与柯特妮的咄咄逼人相反,采访梅丽德丝的记者杰森·皮特曼却是彬彬有礼,他请梅丽德丝吃午饭,说边吃边聊。他们在一家咖啡馆碰头,聊了几个小时,梅丽德丝详细介绍了程序的工作原理。她说他们很高兴能有这个机会,帮助那些处于人生最低谷的人们,她描述了沙龙的状况,并特别介绍说,他们会确保客户在使用程序时、伤心难过时,都不会是一个人独自承受。她还把一些用户的姓名和联系方式交给了这位记者,这些用户都表示愿意接受记者的采访。然后,杰森·皮特曼问了她一个最重要的问题,“跟我说说萨姆·埃尔林吧。他是个什么样的人?他是怎么想出这样一个绝妙的点子的?”世界上再也没有人比梅丽德丝更适合回答这个问题了,而她也很乐意知无不言、言无不尽,采访接下来又进行了一个多小时。
“先这么说吧,他很聪明。他觉得没有什么事情是做不到的,只是还没有人去做,他很擅长解决问题。你知道吧?我的外婆去世了,他是那么为我感到难过。其他人都对我说,‘节哀顺变’,‘我也记得我外婆去世的时候’之类的话。萨姆也对我说这样的话。但他还对我说了一句其他任何人都不可能说的话,他说:‘也许,我们可以让外婆离得不是那么遥远。’”
“这句话难道不是有点……有点奇怪吗?”杰森·皮特曼说。
梅丽德丝耸耸肩,“那个时候,谁管得上奇怪不奇怪呢?我当时非常伤心,压根儿不知道该对别人说什么。其实,在我们的文化中,我们都不擅长处理这种情况。当别人失去了至亲至爱的人时,我们只会说节哀顺变,赶紧振作起来吧。当我们自己不是当事人时,我们就是这样想的。但当我们亲身经历这样的悲伤时,我们会把自己封闭起来,躲在角落里伤心,不希望有任何人来打扰。我们觉得,那些外人嘴上说的是‘节哀顺变’,心里想的却是‘你赶紧好起来吧,这样我们才能继续一起喝酒出去玩’。”
“但这不正是整个过程中一个重要的部分吗?”
“什么意思?”
“这个‘重生’程序不就是为了帮人们度过悲伤的阶段吗?帮人们振作起来、开心起来?”
“是。一开始,它能帮你开心起来,因为它能缓解你对亲人的思念。你可以和已经去世的亲人聊天、沟通,这让你更好地去记住他们。它还能让你开口谈论自己的感情。萨姆给我们的这个东西不仅仅是一种安慰,它也是一种应对悲伤和失落的新方法。”
“但这不就意味着你永远都不会真正悲伤,这样,你也就永远都好不了呀?”
“没有人愿意真正走出来,”梅丽德丝说,“遗忘、向前看、不再伤心……这些比死亡更加可怕。”

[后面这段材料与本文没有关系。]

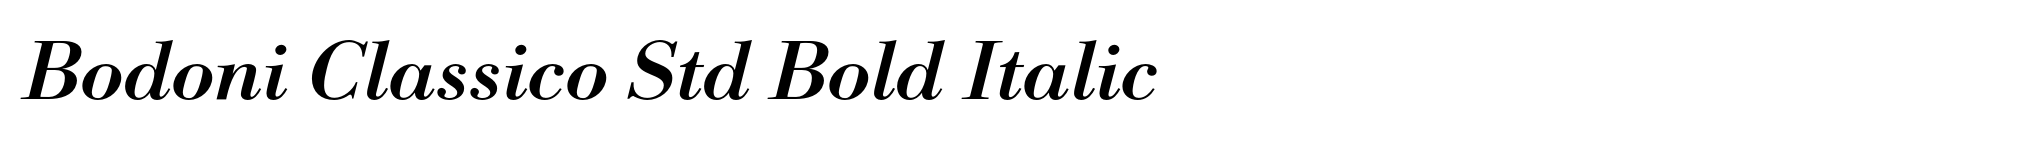 Bodoni Classico Std Bold Italic image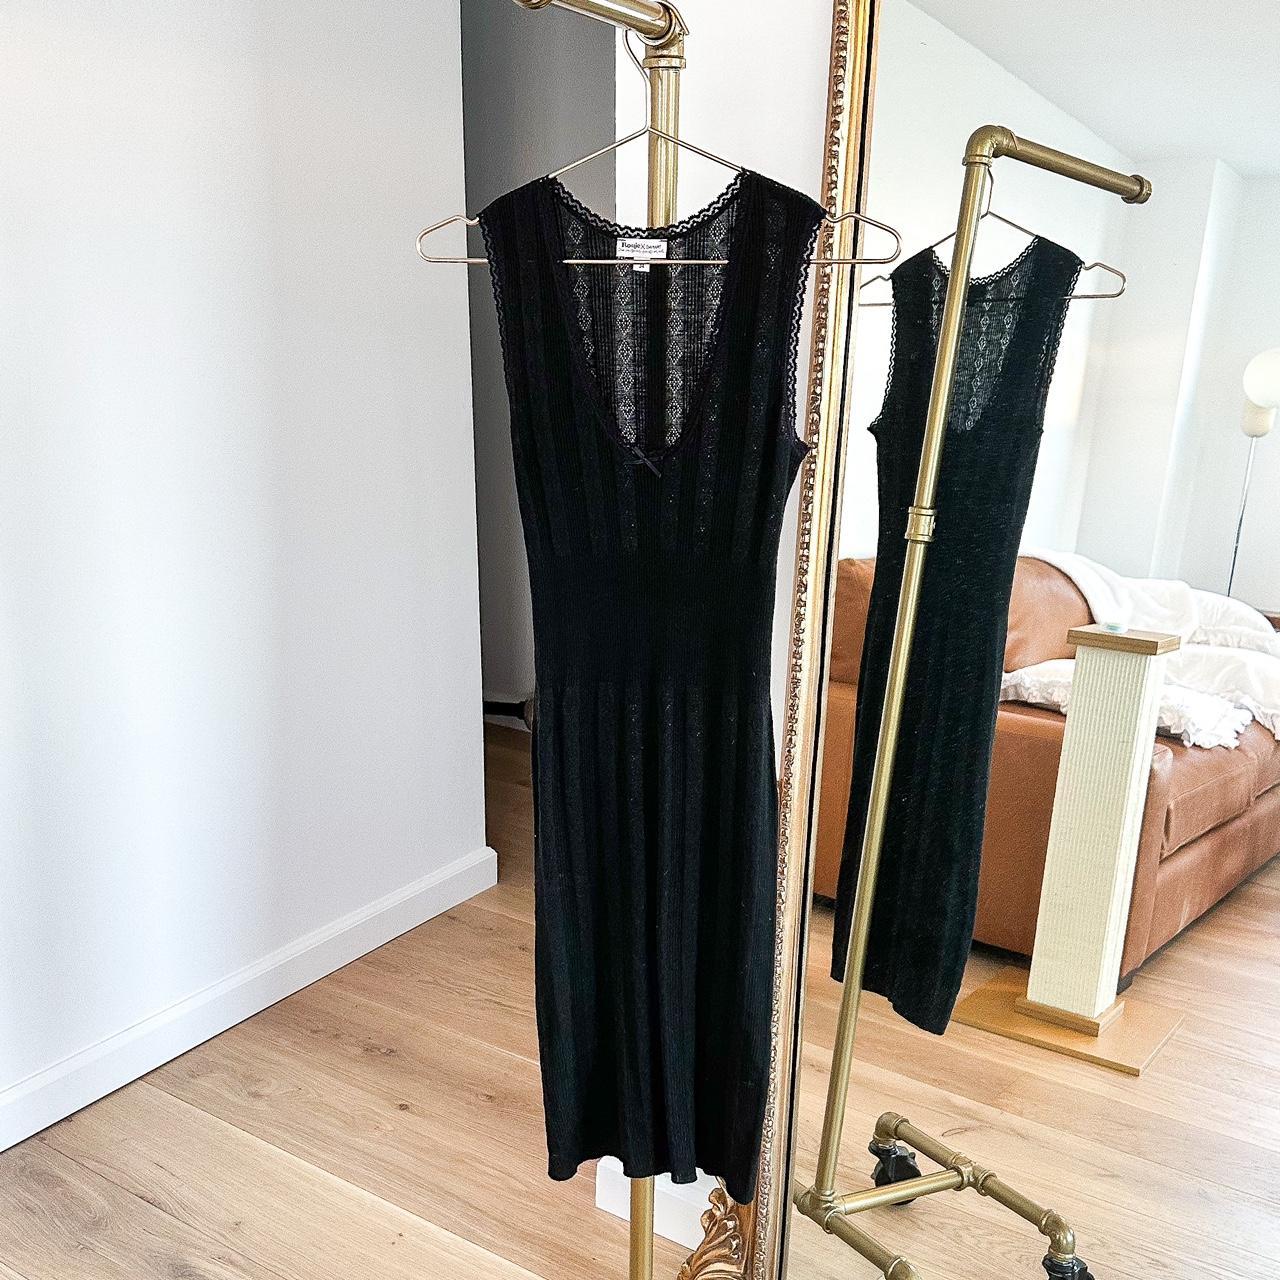 Rouje x Damart Giselle Dress in Uni Noir. Brand new... - Depop

“但是,往前走也意味着一种愈合、一种成长,不是吗?”
“你还是可以愈合、可以成长,”梅丽德丝坚持说,“但我们可以让最能帮助你的那个人来帮助你愈合、帮助你成长。”
“那个人已经不在人世了,”杰森·皮特曼说,“还能怎么帮?”
“有了我们的程序,就能帮。”
第二天,CNN电视台屏幕下方滚动播出的节目预告中写的是:“‘重生’程序创始人承认,‘……当然它不是真的。’”而《西雅图时报》的头版则是,“悲伤、愈合、向前看?西雅图一新公司表示‘你再也不用这样了。’”
接下来,萨姆感觉到,全世界所有的报纸、杂志、电视台和网络媒体好像都给他打来了电话,记者们用粗鲁的态度问着各种粗鲁的问题。戴希尔说,任何炒作都是好的宣传。萨姆却觉得,那些人问的问题都很蠢,其实,谁在乎自己看到的是什么呢,就让人们相信他们想相信的好了。只有梅丽德丝觉得接受不了大家的误解,因为她比谁都清楚这个程序的情况,也比谁都了解这个程序发明者的内心。
“我真希望他们都能看到你的善良、你的大方,”她对萨姆说,“都能了解你一开始会发明这个程序的初衷。”
“为了追你?”
“为了送给我这份不可思议的礼物,为了帮助大家应对亲人的死亡。在整个人类历史上,死亡就是一件无法改变、无法逆转的事,会让人悲痛欲绝。但你改变了这一切,这是一个奇迹。”
“你这么会宣传,难怪让你负责公关工作。”萨姆故作轻松地说。
“我真希望他们能够欣赏你的聪明才智。”
“这可就难啦,”萨姆说,“只有足够聪明的人才能懂我。再说,天才在世的时候都是不被世人所理解的,等我死了,他们就会把我奉若神灵了。”
“是,但到那个时候,你就已经死了呀。”
“电脑中虚拟的我会感到满足的。”
“那对我又没有什么帮助。”梅丽德丝说。
“实际上,是对我没什么帮助,”萨姆说,“对你才大大地有帮助呢。”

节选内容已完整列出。